Текст : Кристина Щур

Прошлое нашей страны даже для многих из нас, россиян, - загадка. Изучать исторические документы, архивы, судьбы людей – трудное дело, заниматься которым долго и усердно могут только очень увлеченные люди. Профессор университета София-Антиполис в Ницце, доктор филологических наук Парижского университета, крупнейший исследователь литературы и искусства русского зарубежья профессор Ренэ  Герра, – как раз один из таких людей. В декабре минувшего года он в очередной раз посетил Екатеринбург и наш университет, где прочитал цикл лекций студентам департамента искусствоведения и культурологии УрФУ  и рассказал им о деле всей его жизни – собирании, хранении и исследовании культурного наследия русской эмиграции во Франции.

- Ренэ Юлианович, выходит, наши университетские стены вам уже знакомы?

Да, как ни странно, я здесь второй раз за год выступаю – последний раз я прилетал в конце мая. Так что я здесь почти как у себя дома. Потом, я давно знаком с Тамарой Александровной (Т. А. Галеевой – директором департамента «Факультет искусствоведения и культурологи»). Мне лично очень приятно второй раз за полгода побывать на Урале. Кто бы мог подумать?.. Ведь раньше это был закрытый город. Кстати, сейчас я прилетел сюда из Петербурга. Красиво звучит, правда? Из Петербурга в Екатеринбург, из города Петра Великого в город Екатерины Второй. А я как филолог это ценю.

- Чувствуете интерес  со стороны студентов к непростой  теме ваших лекций?

По-видимому, да, им интересно, и они внимательны. У меня есть такой принцип: чтобы мое выступление не было монологом,  я в начале лекции говорю студентам, чтобы они задавали вопросы. И они задают иногда действительно интересные вопросы. Всегда должен быть диалог между мной и аудиторией.

- Расскажите, с чего началась ваша легендарная коллекция?

Я всегда говорю, что я не коллекционер, а собиратель. Я собирал не только картины, но и рукописи, книги, документы, открытки. Это, так сказать, судьба. Еще 45-50 лет назад  я понял, что это – неотъемлемая часть русской культуры 20 века, и дальнейшее показало, что я был прав.

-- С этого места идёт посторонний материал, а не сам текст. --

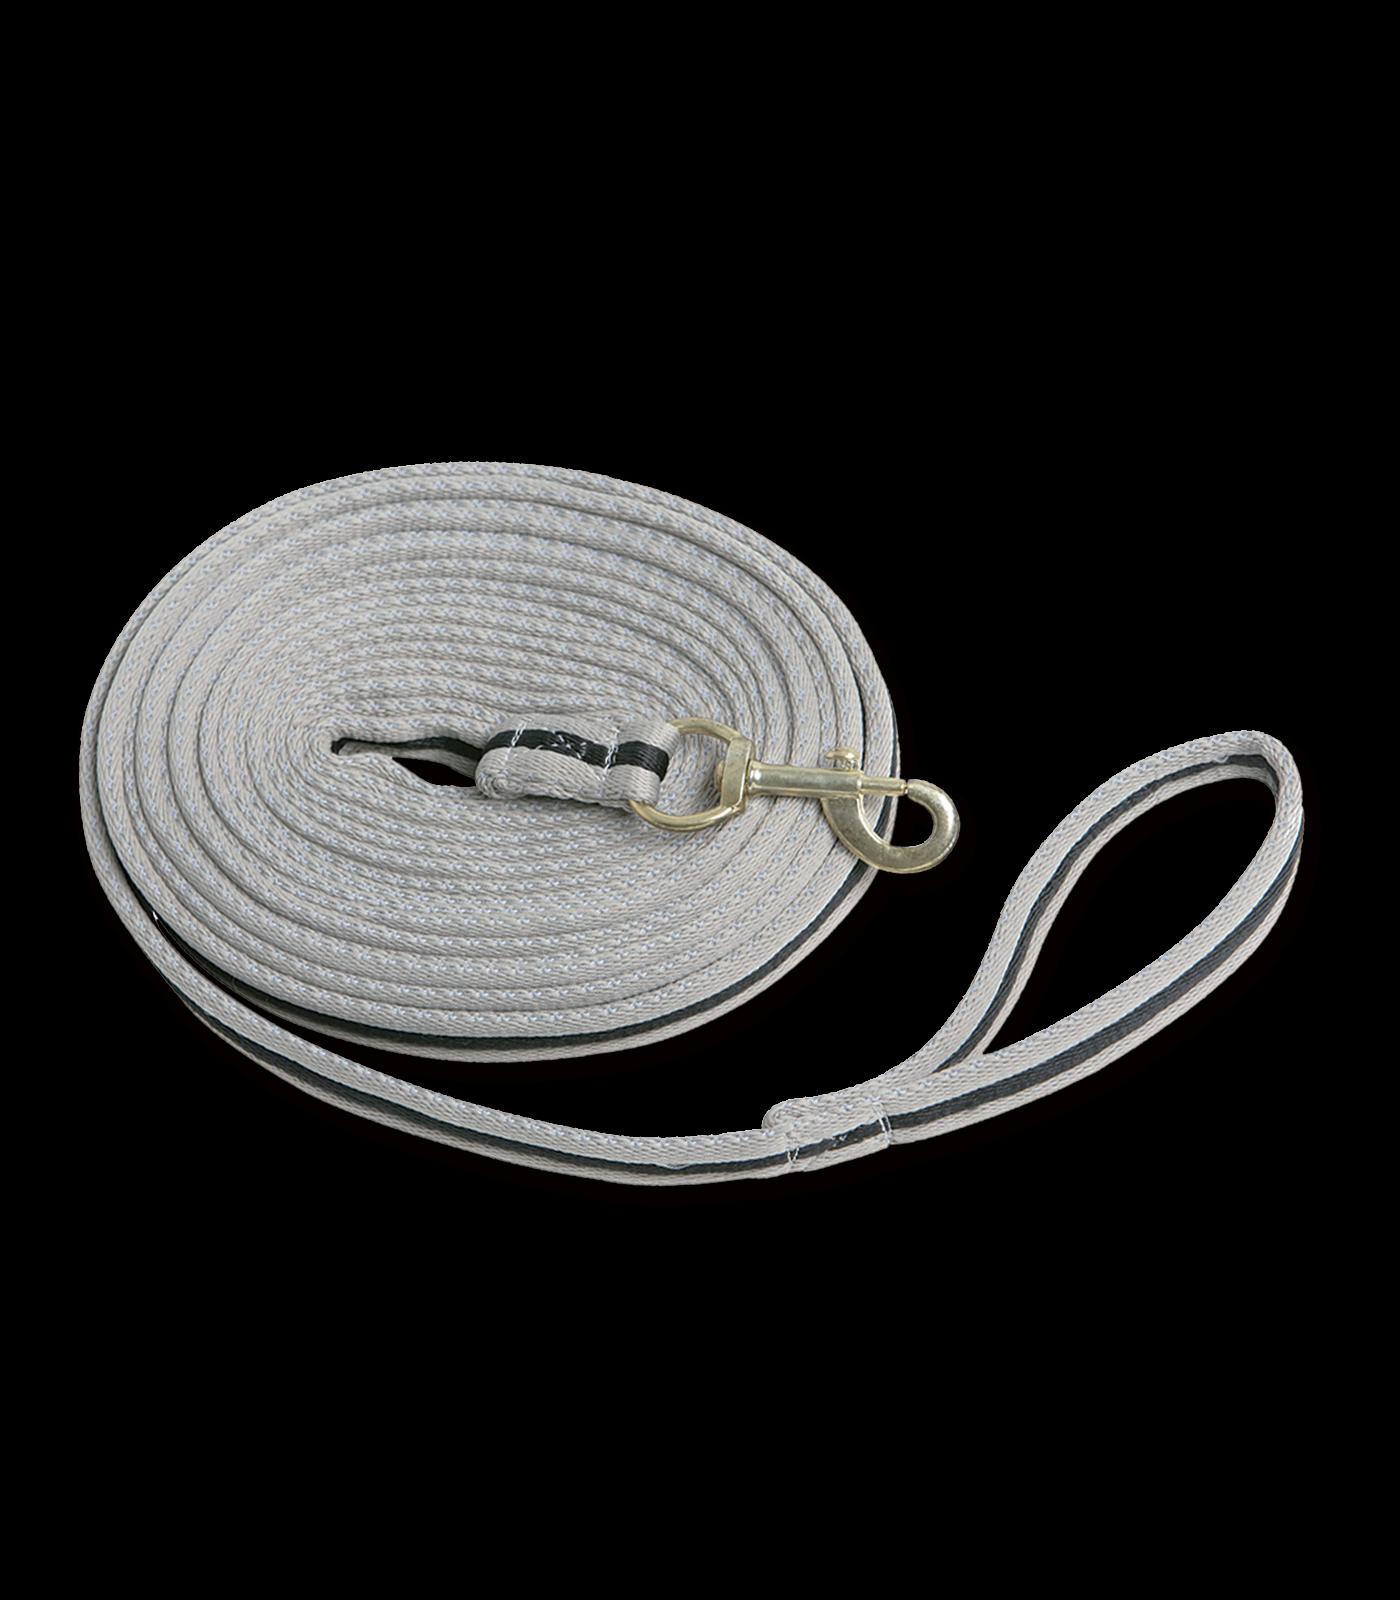 8 Gr Cross-Lock Shnap Trippel Sicherheits-Wirbel

Когда меня спрашивают: «Вы один из лучших знатоков, собирателей в этой области?...», - я отвечаю, что я не лучший, а единственный. Это как-то нескромно звучит, но история показала, что я был прав. В самом начале – в 1960-х, 70-х и даже в начале 80-х годов – казалось, что я какой-то чудик, сумасшедший, который собирает барахло. Все это было не востребовано, и сами эмигранты считались побежденными, а не победителями, они были не на стороне тогдашней власти. А я – вне политики и идеологии. Если человек талантлив, если он – носитель великой культуры, если он работал с Дягилевым и для «Русских сезонов» в Париже, то это что-то означает. В Советском Союзе все строили светлое будущее, и зачем было интересоваться этими пассеистами, этими – будем говорить прямо – осколками прошлого?.. А мне они были интересны, симпатичны. Они были трогательны.

- А во Франции, ставшей второй Родиной для наших соотечественников, до вас к этой теме тоже ни у кого не было интереса?

Когда я в начале 1970-х годов говорил студентам Парижского университета, что рано или поздно русская эмиграция вернется сюда своим творчеством, это было немножко странно, не политкорректно. И, к счастью, меня тогда поддержал один заместитель ректора – очень влиятельный человек. Он считал, что это интересное и нужное дело. А некоторые другие коллеги продолжали считать, что это фривольно, неактуально, поэтому когда в конце 80-х гг. здесь, в России, интерес к ним возобновился, для многих моих коллег это было шоком. Я всегда говорю, что я десятки лет был на стороне побежденных и вдруг, в  конце 1980-х годов, во времена перестройки, я оказался на стороне победителей. Знаете, как говорят во Франции? «Горе побежденным, слава победителям». И их слава рикошетом перешла на меня. Это был и их реванш, и отчасти мой. Как они сделали свой выбор после 1917 года, так и я тоже сделал правильный выбор вопреки здравому смыслу. Жизнь показала: главное – дожить до того самого момента... Вращается фортуны колесо, и надо все успеть.

- То есть о карьере и возможности «приспособиться» без ущерба для репутации вы не думали?

Я не был карьеристом. То, что я делал, было невыгодно, но, как говорится, за все надо платить. Те, кто хотел сделать карьеру, занимались Горьким, Маяковским, всем соцреализмом. Пожалуйста, каждый был волен сделать выбор, но теперь меня приглашают сюда, а их не приглашают, потому что они – барахло.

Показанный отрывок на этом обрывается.